— Ну хорошо, — сказал я. — Этого они в самом деле не могут понимать; ну, а еще в чем они глупы?
— Да мало ли в чем? Он вот покупает телегу и не может рассмотреть, что подосье (железная пластина, вделанная во всю длину нижней части осей для крепости) не железное, а черемуховое, и покупает телегу, а она у него и ломается на пятой версте.
— Да почему же он дерева не может отличить от железа?
— Очень искусно подражаем под железо, не ему распознать этого дела. Мы делаем подосье из черемухи таким родом: выстругаем как железную пластину, обмажем сапожным варом и сушим в холодном месте. В жарком сушить нельзя, дерево вберет в себя сок и глянец. В холодном же месте оно засыхает с блеском. Да и вы бы сами, господа, не доглядели, дерево это или железо? Уж поверьте, умеем подражать бесподобно. Черемуху берем – мало впитывает соку. Ну вот, так и едет ваш неуч с деревянным подосьем.
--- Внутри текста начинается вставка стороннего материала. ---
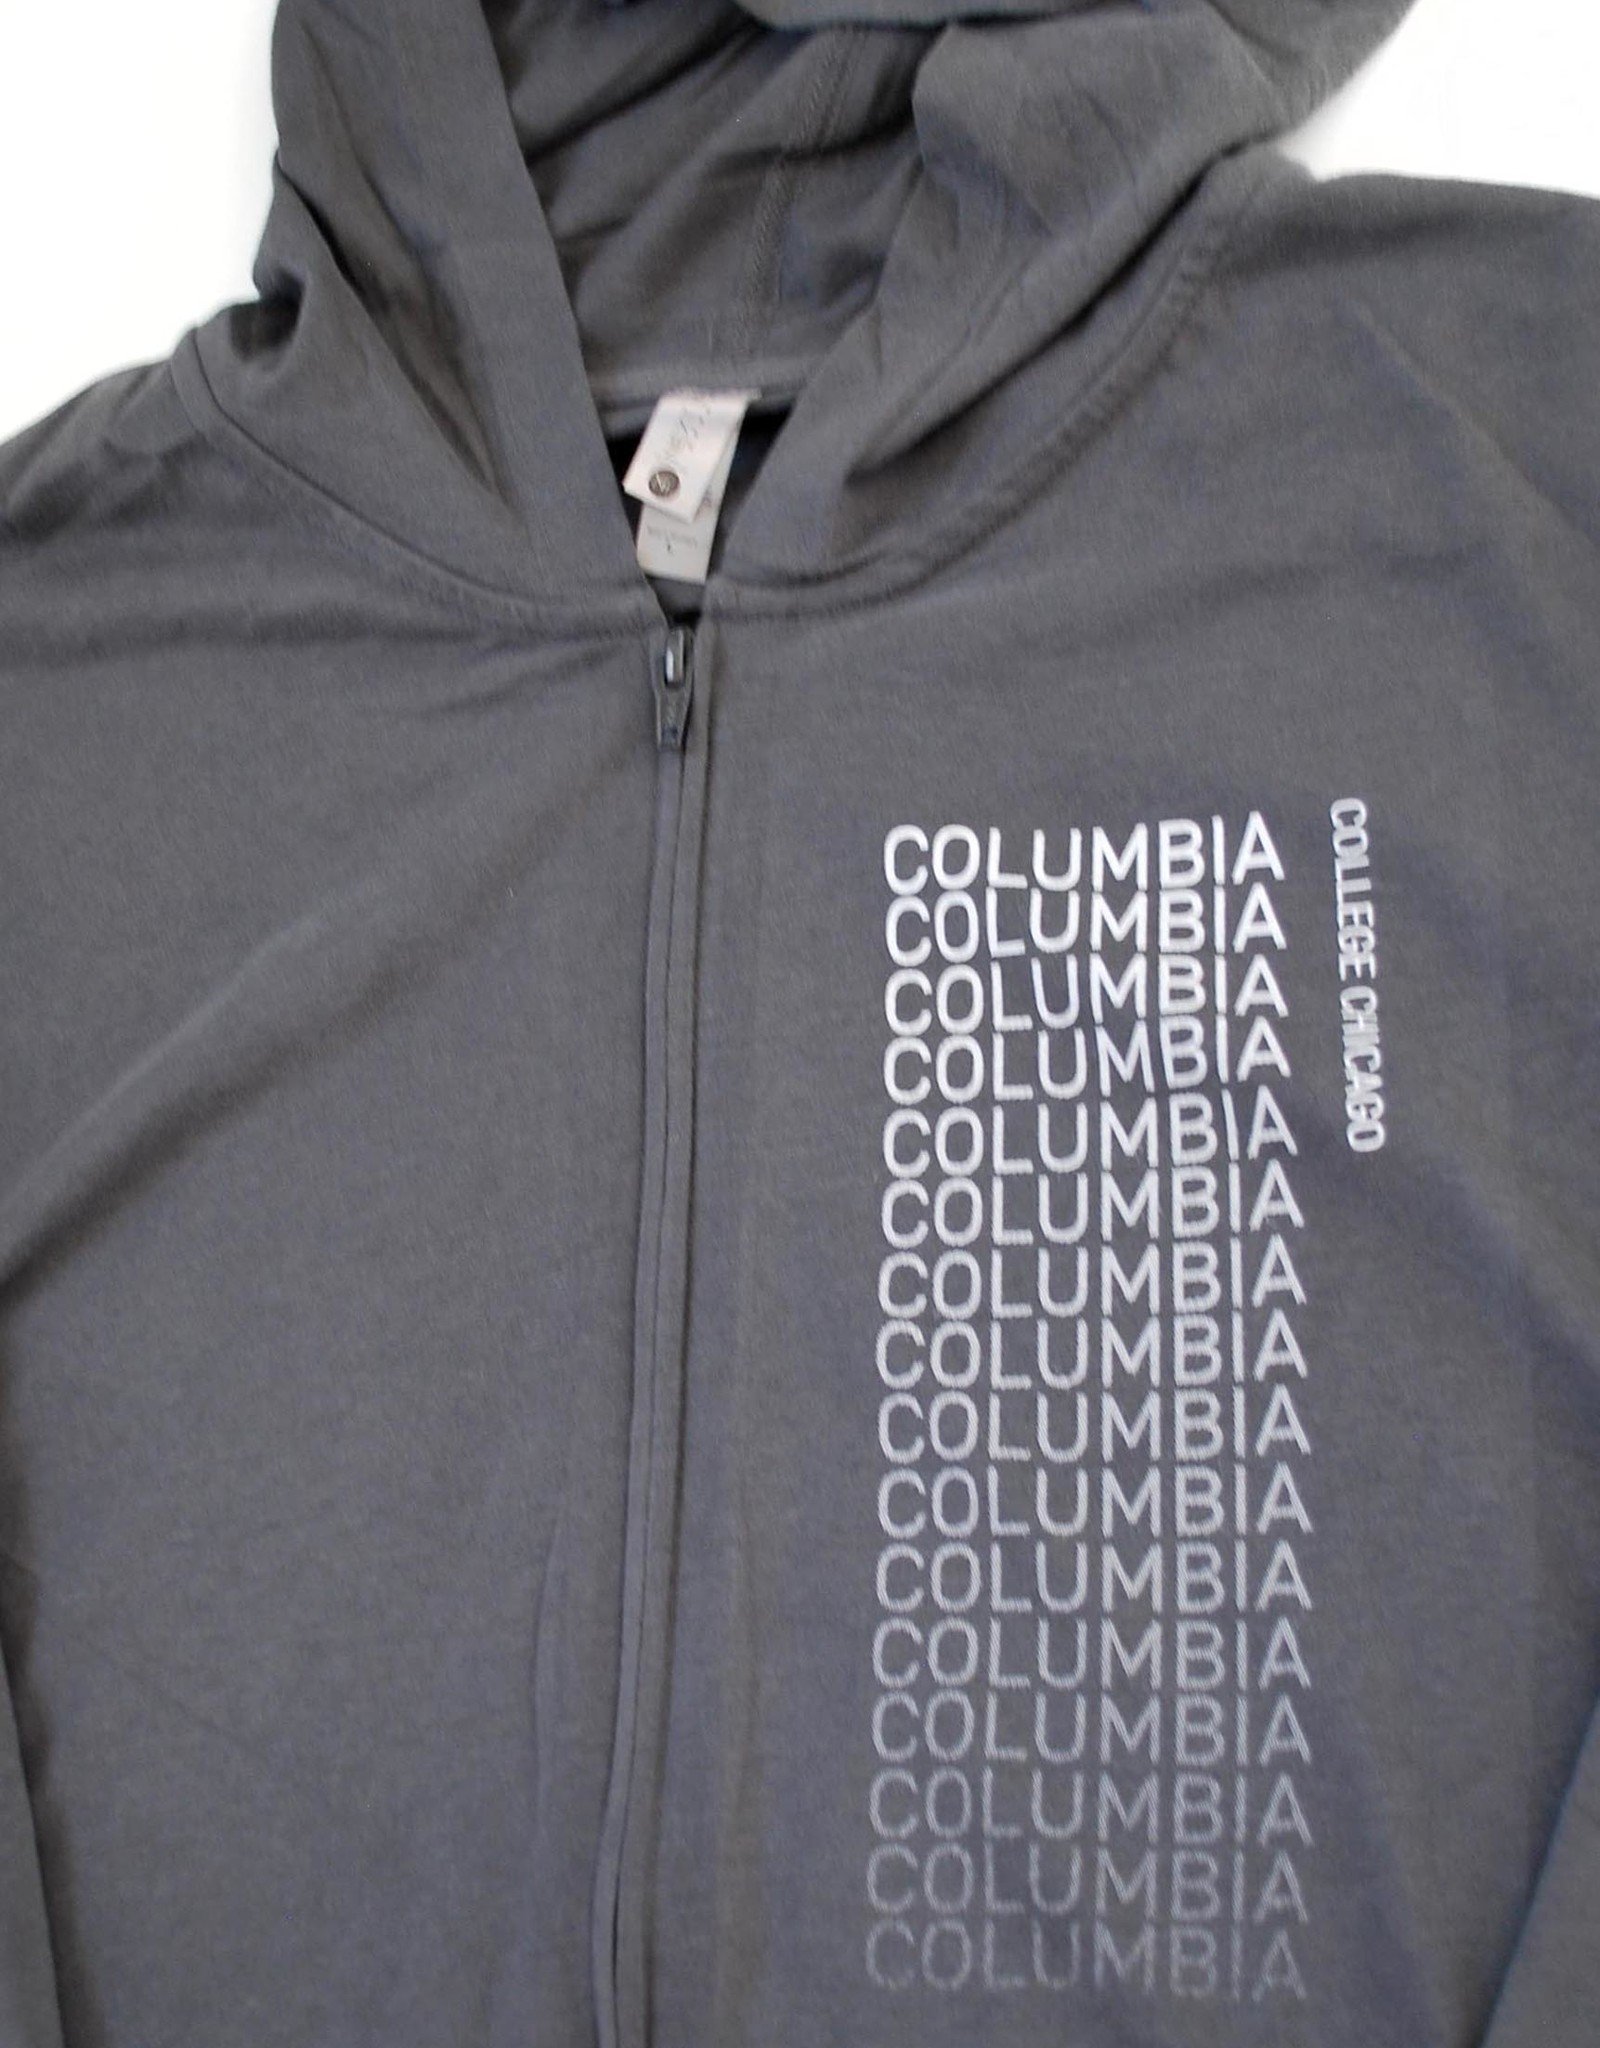 Buy Columbia, By Columbia Columbia Hooded Zip-up

Конечно, потом опять воет!
Не знаю, осталась бы на этот раз или нет наглость нашего рассказчика без возражений, если бы приближавшийся поселок, привлекший к себе все наше внимание, не заставил совсем перестать слушать его разговоры, которые, к тому же, с самого начала пути постоянно прерывались под впечатлениями окружающей природы.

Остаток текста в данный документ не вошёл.